The hookworm influenced an early 20th-century stereotype of Southerners as indolent and undernourished, and it may have contributed to the outcome of the Civil War. Chart the war waged against this debilitating parasite by zoologist Charles Wardell Stiles, whose public health crusade helped transform the South.

In the first of three lectures on the deadliest epidemic of all time, meet the virus that caused the 1918 flu, investigating its structure, method of infection, and strategy for evading the human immune system. Also learn where it first appeared and how it mutated into a far more virulent strain.

Track the mutated form of the 1918 flu as it reached American shores and killed an estimated 675,000 people out of a population of 105 million. Philadelphia is a horrifying example of the medieval-like conditions that affected a bustling city trying to deal with mass infection and death.

Follow one of the most gripping detective stories of modern times—the search to recover an intact virus from the 1918 flu. Also learn what made the 1918 flu a more powerful killer than the similar strain that attacked in 1976 and 2009.

Given the proliferation of microbes in our midst, why aren’t we sick all the time? In the first of six lectures on the inner mysteries of the immune system, see how different cells have evolved to distinguish self from non-self, providing the first line of defense against infection.

Delve deeper into the mechanics of adaptive immunity to learn how a few hundred genes can easily make more than 100 million different antigen receptors, specific to any foreign invader that enters the body. Also discover the crucial difference between resistance and immunity.

In our age-old struggle with microbes, have we finally met our match with AIDS? The HIV virus that causes AIDS takes aim at the very heart of the human immune system. Probe this elegant strategy and learn where and when HIV first appeared, and why it is so lethal.

Explore the frightening scenarios that may yet unfold with the AIDS pandemic. Then follow the slow progress in developing an AIDS vaccine, and consider the policy of deferring questions of sexual morality to focus on preventing spread of the virus at all costs.

Consider what happens when the immune system turns on us, attacking our own cells and tissues as if we were the enemy. Such autoimmune diseases include multiple sclerosis, rheumatoid arthritis, Type 1 diabetes, and lupus.
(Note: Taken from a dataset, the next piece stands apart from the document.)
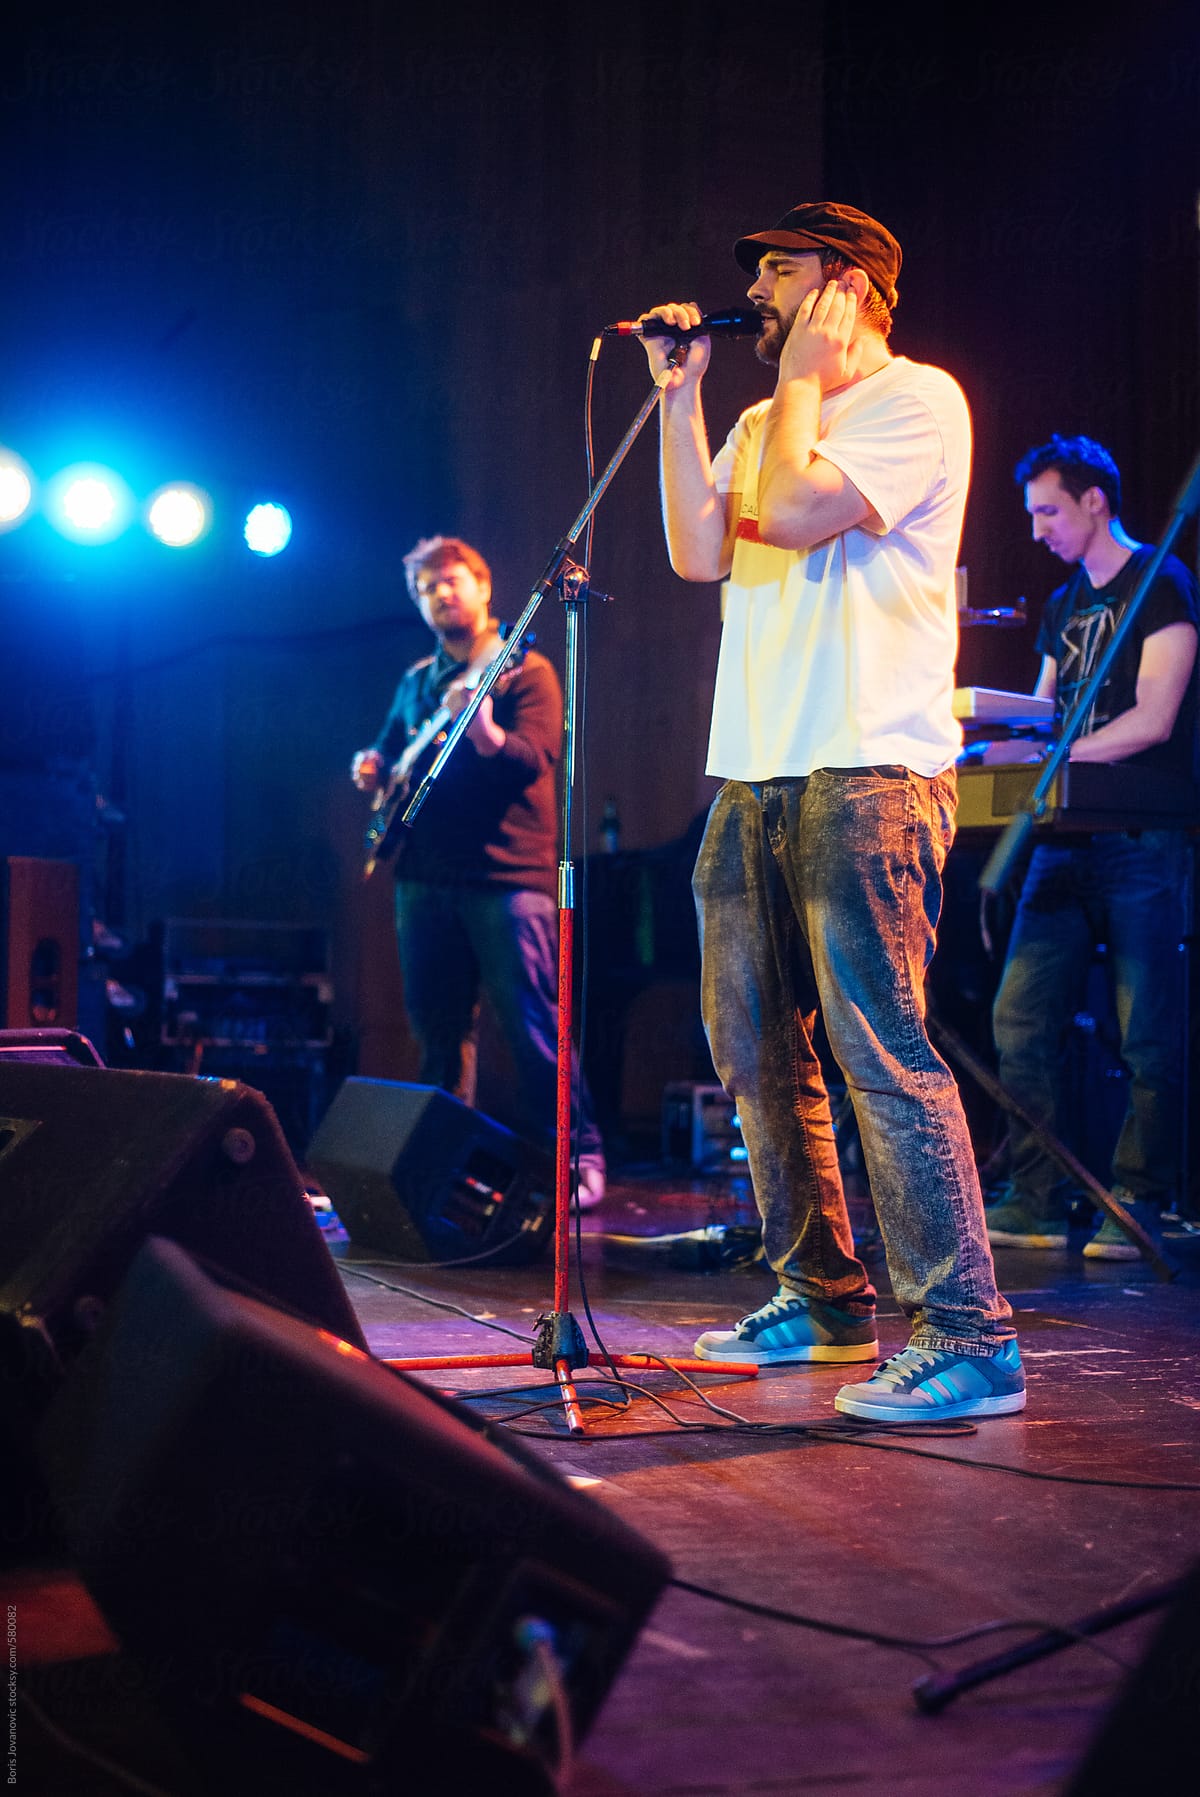 Young man singing on stage with his band

Examine the mysterious causes of this self-destructive reaction.

In the closing lecture on the human immune system, follow the microscopic chain of events that lead to allergies and asthma. Peanuts, pollen, bee stings, cat hair—all can cause an overreaction in the immune system, but for different reasons and with results that range from discomfort to death.

Investigate the history of microbes as weapons, which dates to the practice of catapulting disease-infected corpses into enemy strongholds. Germ warfare was even used during the American Revolutionary War, but it didn’t reach maturity until World War II with Unit 731, the notorious project run by the Japanese.
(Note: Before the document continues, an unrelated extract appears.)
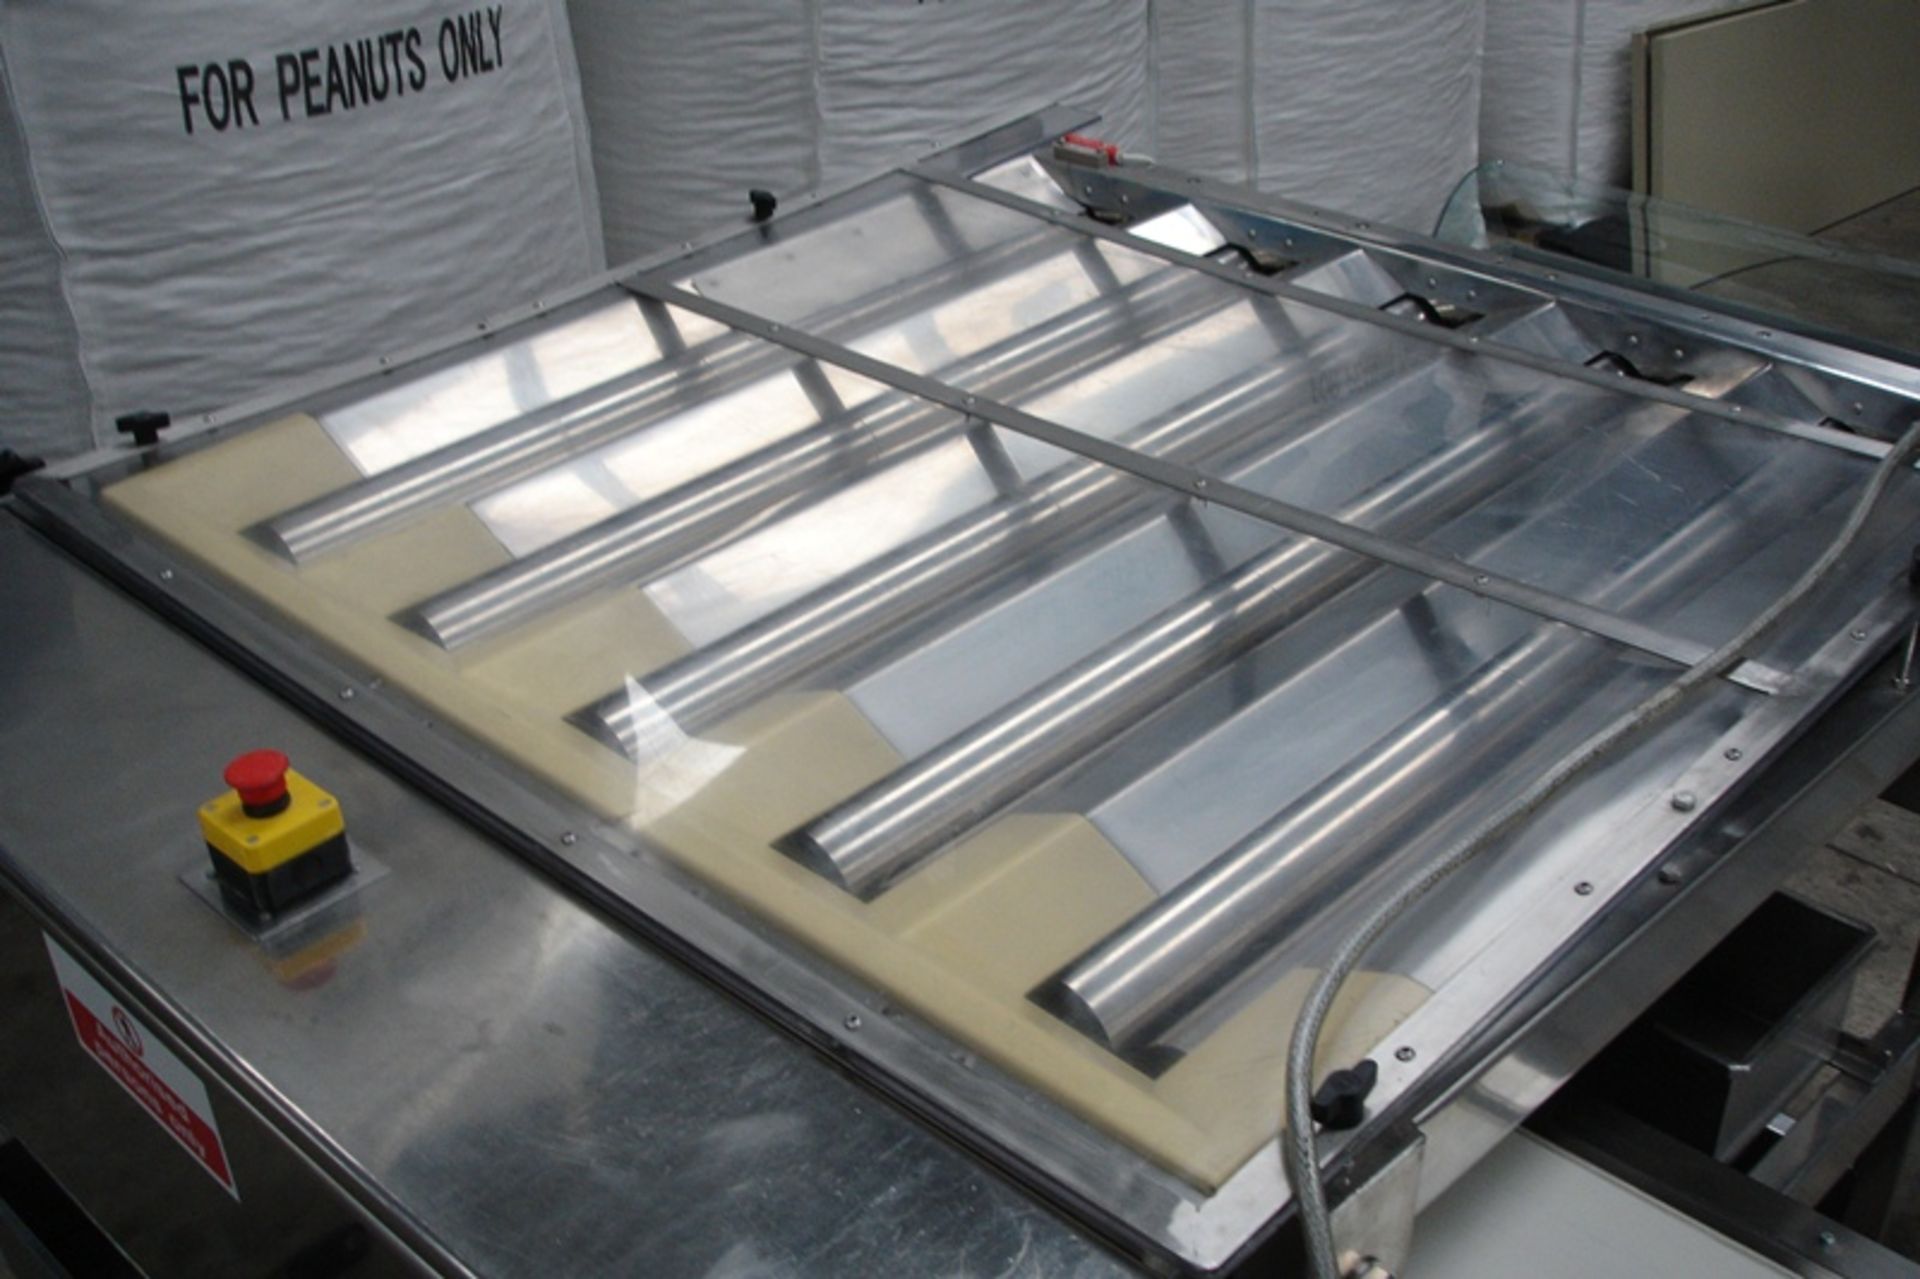 Fully S/S food grade 5 Lane Sizing / Grading Machine With Outfeed Conveyor - Image 2 of 7

As if from Pandora’s box, the technology of germ warfare advanced during the cold war to a lethality rivaled only by atomic weapons. Draw back the curtain on the secret American and Soviet projects that perfected this weapon, and learn why biological warfare is the strategy of choice for terrorists.
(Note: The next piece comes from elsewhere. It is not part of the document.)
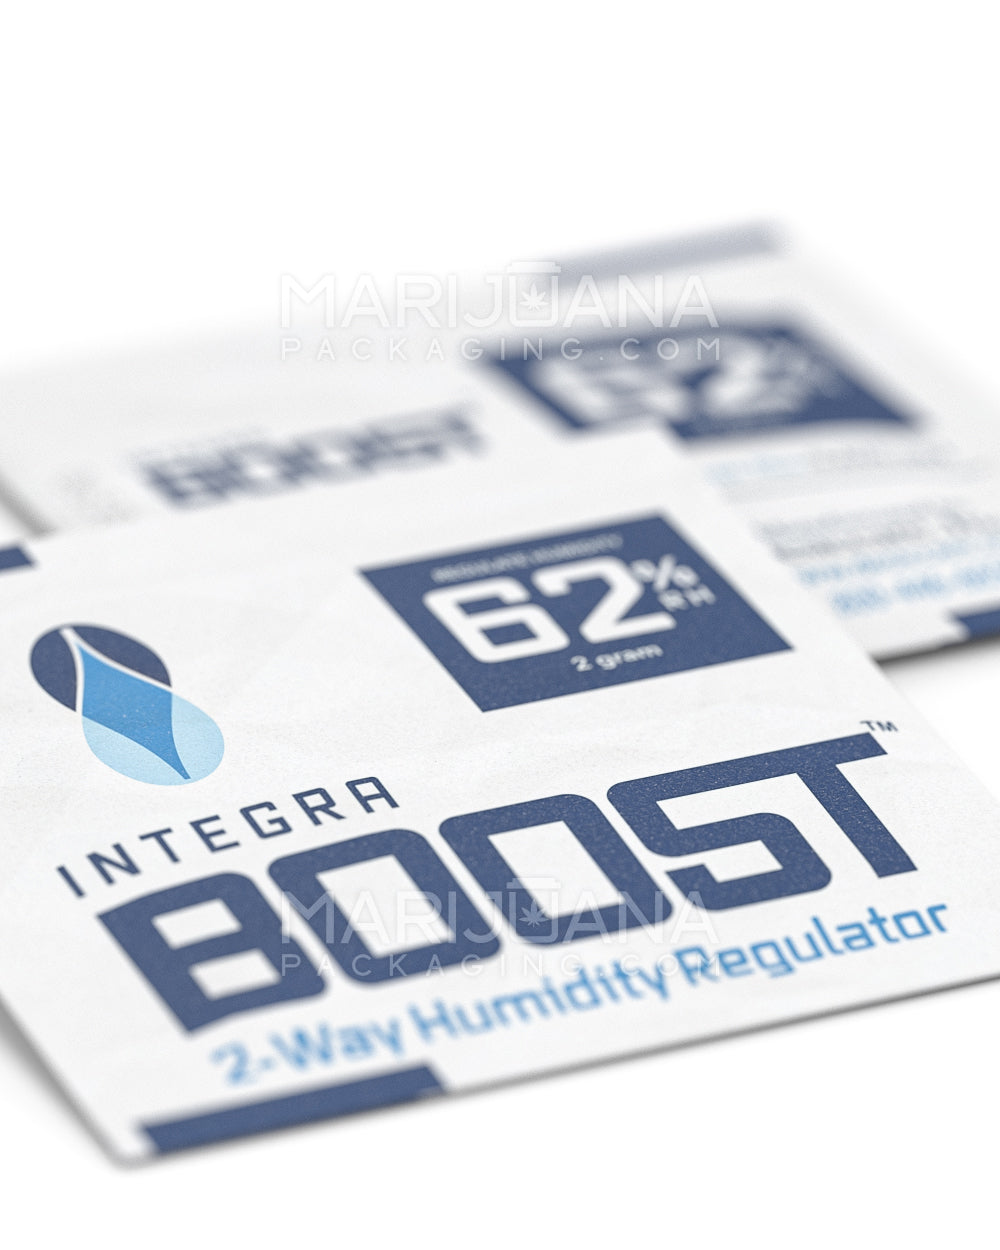 INTEGRA | Boost Humidity Pack | 2 Grams - 62% - 100 Count - 4

When European explorers arrived in the New World, they unwittingly brought weapons far more lethal than firearms: namely, microbes, such as smallpox, that the Indians had never encountered. Learn why diseases bred through contact with domesticated animals in the Old World swept through the Americas like the angel of death.

Is there life beyond Earth? Space is filled with the chemicals essential for life, but so far only indirect evidence for possible microbial life has been found. Also, look at the microbes that thrive in extreme environments on Earth that may resemble conditions on other worlds.

In this last lecture, consider how the vast majority of microbes are harmless or even beneficial to humans. Microorganisms are responsible for everything from the oxygen in air to yogurt and many medicines. They may even help us clean up our planet, proving that the microscopic world is not always the stuff of nightmares!